Switch is out!

Switch goes on sale today — I can’t wait to see it in a bookstore. If you’re looking for immediate gratification, you can find links to all the online retailers here. (And Amazon is selling it for the freakishly low price of $13.)

Read the first chapter of Switch

We’ve just posted the first chapter of Switch here — check it out. (And if you want a nicely-formatted PDF of the first chapter, sign up for our free resources section.)

Underachieving multitaskers

Stanford researchers ran a series of experiments, hoping to find evidence that people who multitask have enhanced cognitive abilities that allow them to juggle multiple media effectively. Instead, they came away disappointed: The multitaskers were worse than a control group at everything they tested.

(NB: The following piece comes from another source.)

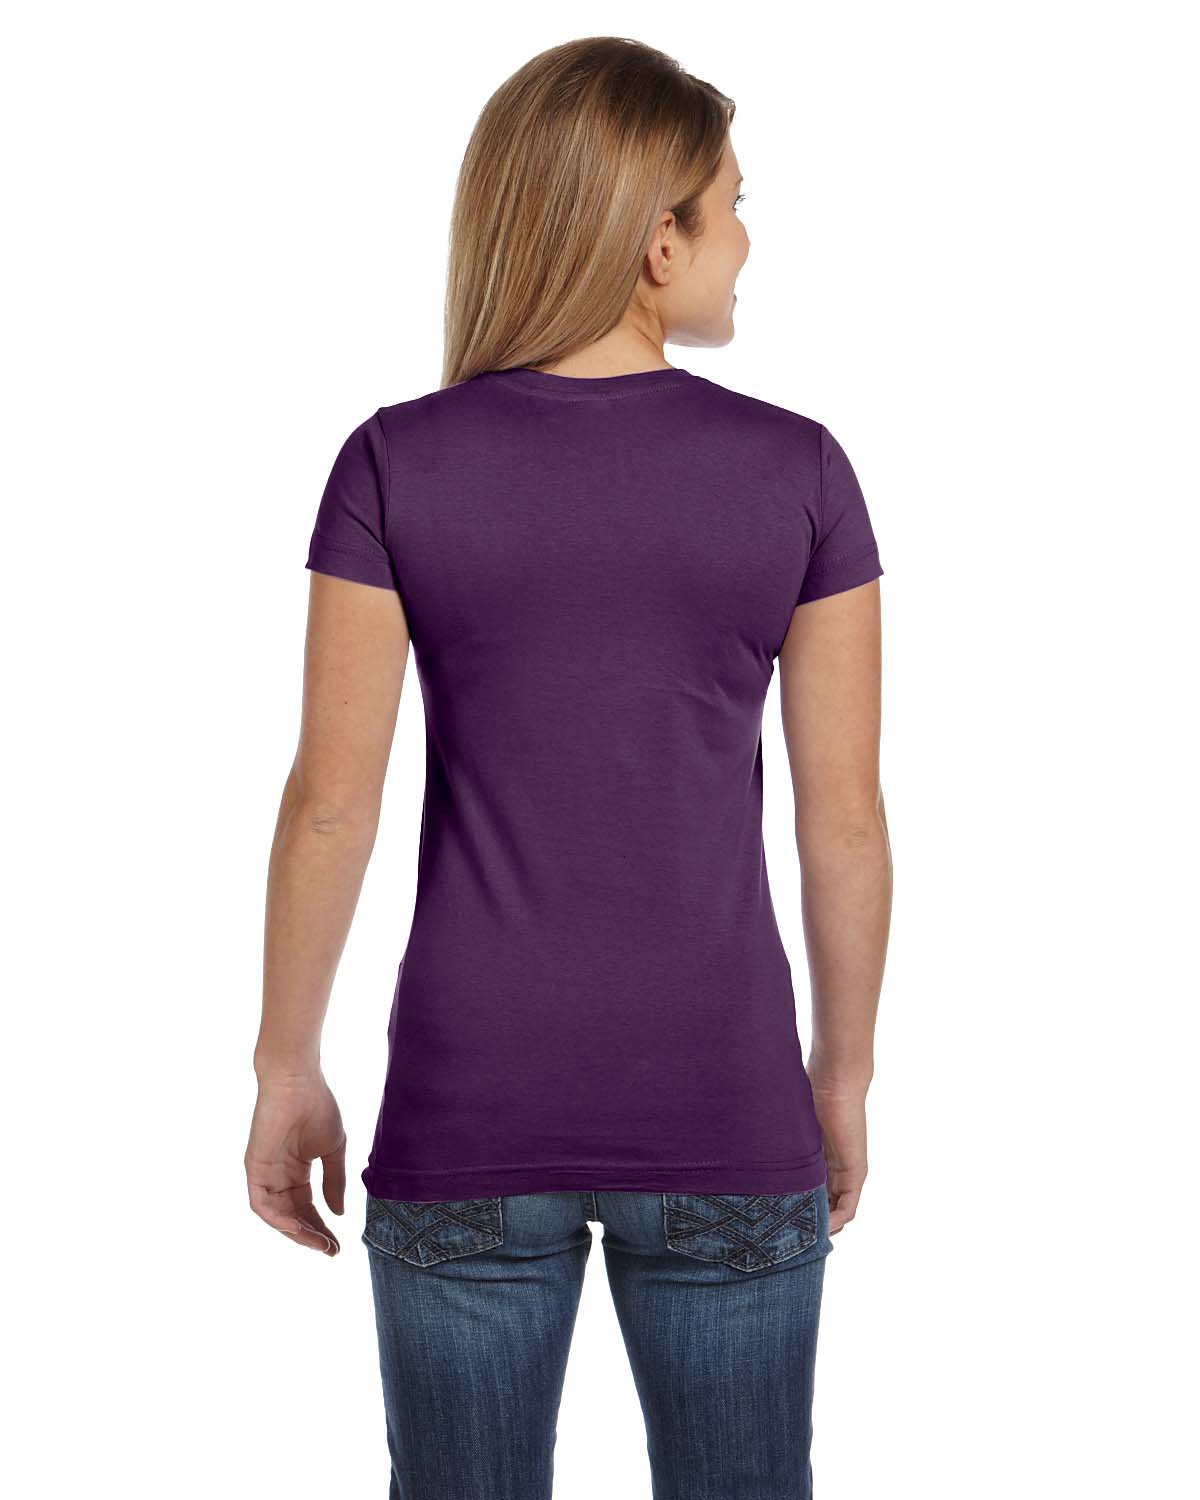 Lat 3607 Women Fine Jersey V-Neck Longer Length T-Shirt | GotApparel.com

“We kept looking for what they’re better at, and we didn’t find it,” said Ophir, the study’s lead author and a researcher in Stanford’s Communication Between Humans and Interactive Media Lab. …

“They’re suckers for irrelevancy,” said communication Professor Clifford Nass, one of the researchers whose findings are published in the Aug. 24 edition of the Proceedings of the National Academy of Sciences. “Everything distracts them.”

I feel like the next logical step is some kind of pseudo-Olympic event to settle this once and for all. Multitaskers vs. One-Track-Minders. Cage match.

Quote of the day

US Airways Customer Service Line: “Your call will be answered in:

One hundred.

Fifty.

Four.

Minutes.”

Making math concrete

Steven Strogatz, an applied math prof at Cornell, has started a series on the NYT site to re-teach basic math from an adult perspective, with the goal to show “why it’s so enthralling.”

I love the second installment, which explores the way that using rocks in place of digits (i.e., six rocks rather than the number “6”) can provide unexpected insight on seemingly tough problems:

For example, instead of adding just two odd numbers together, suppose we add all the consecutive odd numbers, starting from 1:

1 + 3 = 4
1 + 3 + 5 = 9
1 + 3 + 5 + 7 = 16
1 + 3 + 5 + 7 + 9 = 25

The sums above, remarkably, always turn out to be perfect squares. (We saw 4 and 9 in the square patterns discussed earlier, and 16 = 4 × 4, and 25 = 5 × 5.) A quick check shows that this rule keeps working for larger and larger odd numbers; it apparently holds all the way out to infinity. But what possible connection could there be between odd numbers, with their ungainly appendages, and the classically symmetrical numbers that form squares? By arranging our rocks in the right way, we can make this surprising link seem obvious — the hallmark of an elegant proof.

The key is to recognize that odd numbers can make L-shapes, with their protuberances cast off into the corner. And when you stack successive L-shapes together, you get a square!